Rivian faces a class-action lawsuit alleging it falsely promised Level 3 autonomous driving for its first-generation R1T and R1S vehicles.
Rivian was sued by owners who allege the EV maker falsely marketed Level 3 autonomous driving for its first-generation R1T and R1S vehicles, hardware the company knew could never support the feature. The complaint, filed Wednesday in the U.S. District Court for the Central District of California, focuses on a five-year marketing campaign that promised hands-free, eyes-off driving capability.
"No software update — no matter how sophisticated — will enable its Gen 1 Vehicles to perform as advertised," the complaint reads. The lawsuit, brought by three named plaintiffs represented by Coleman Law and Tycko & Zavareei, makes claims for fraud, negligent misrepresentation, and unjust enrichment.
Rivian CEO RJ Scaringe's appearance at TechCrunch Disrupt 2022 is cited among the instances where the company made representations about its autonomous driving ambitions. The lawsuit alleges Rivian knew its Gen 1 sensor stack and computing hardware could never achieve Level 3 autonomy — a Society of Automobile Engineers designation where the vehicle handles steering, acceleration, and braking without driver intervention under certain conditions.
The legal challenge comes as Rivian pushes toward its first profit, targeting 2027 after accumulating roughly $30 billion in losses. The company's second-generation R1 vehicles, overhauled in 2024 with the Rivian Autonomy Platform featuring 11 cameras, five radar sensors, and a computer 10 times more powerful than the previous system, do offer hands-free driving. Rivian rolled out "Universal Hands-Free" to Gen 2 vehicles last year, covering more than 3.5 million miles of roads in the U.S. and Canada.
Rivian isn't the only automaker to face legal challenges over self-driving promises. Tesla and its CEO Elon Musk have spent a decade claiming its vehicles would achieve full autonomy through its Full Self-Driving software, leading to lawsuits from owners and regulatory action from the California Department of Motor Vehicles. A judge ruled in the DMV's favor, though the agency opted not to suspend Tesla's licenses after the company stopped using the term "Autopilot" in its California marketing.

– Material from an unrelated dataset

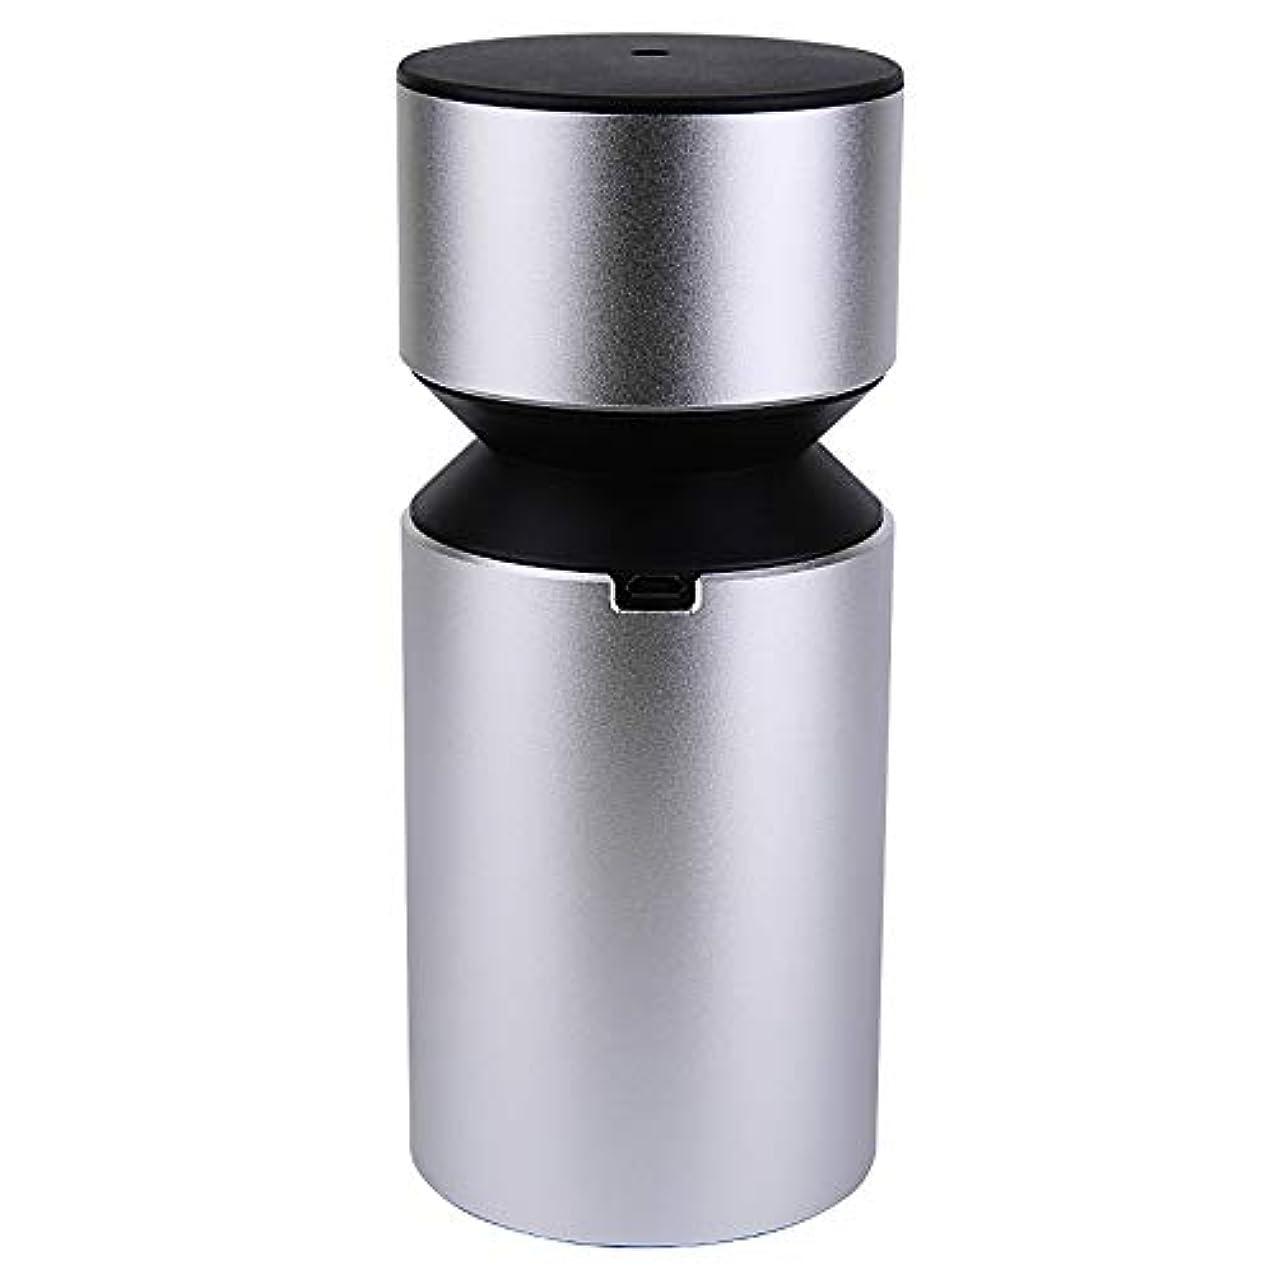 意味のあるマトリックス裸アロマディフューザー 車載用 ネブライザー式 充電式 静音 精油瓶1個スポイト付きT11-ENS068N (シルバー)
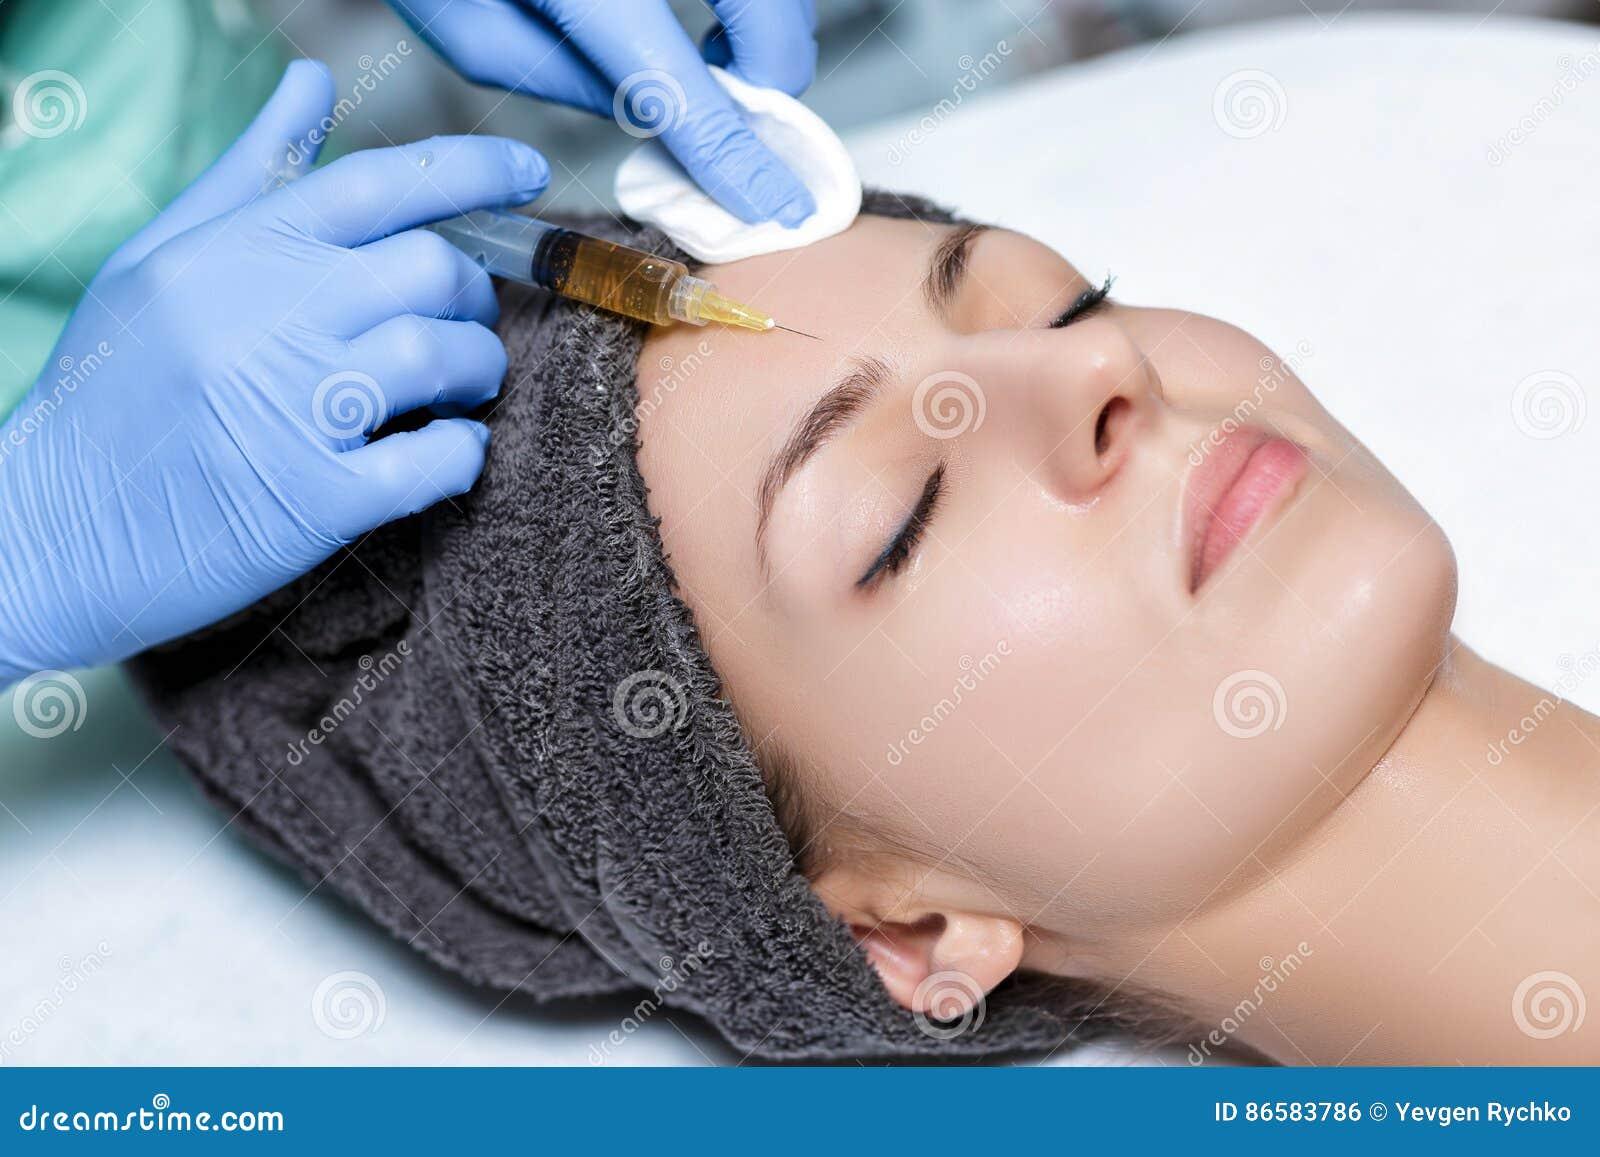 TillvägagångssättPlasmolifting injektion plasmainjektion in i hudnolla

The lawsuit adds to mounting pressure on Rivian as it navigates a critical transition. The company laid off hundreds of workers — less than 2% of its workforce — shortly after beginning deliveries of its more affordable R2 SUV, marking at least the fourth round of job cuts since early 2024. Rivian delayed its profitability target in March, citing substantial spending on autonomous vehicle development.
A bright spot came from a partnership with Uber, which plans to invest as much as $1.25 billion in Rivian and purchase up to 50,000 R2 SUVs for use as robotaxis. The deal provides capital and validates Rivian's technology at a time when the company is balancing production scaling with cost control.
Rivian shares face renewed uncertainty as the lawsuit threatens to compound existing concerns about cash burn and execution risk. The company has already settled one class action — a shareholder lawsuit over a sudden 2022 price hike cost $250 million. With a profitability target still more than a year away and autonomous driving development consuming significant resources, the legal overhang could weigh on investor sentiment. Rivian declined to comment on the lawsuit, citing pending litigation.
This article is for informational purposes only and does not constitute investment advice.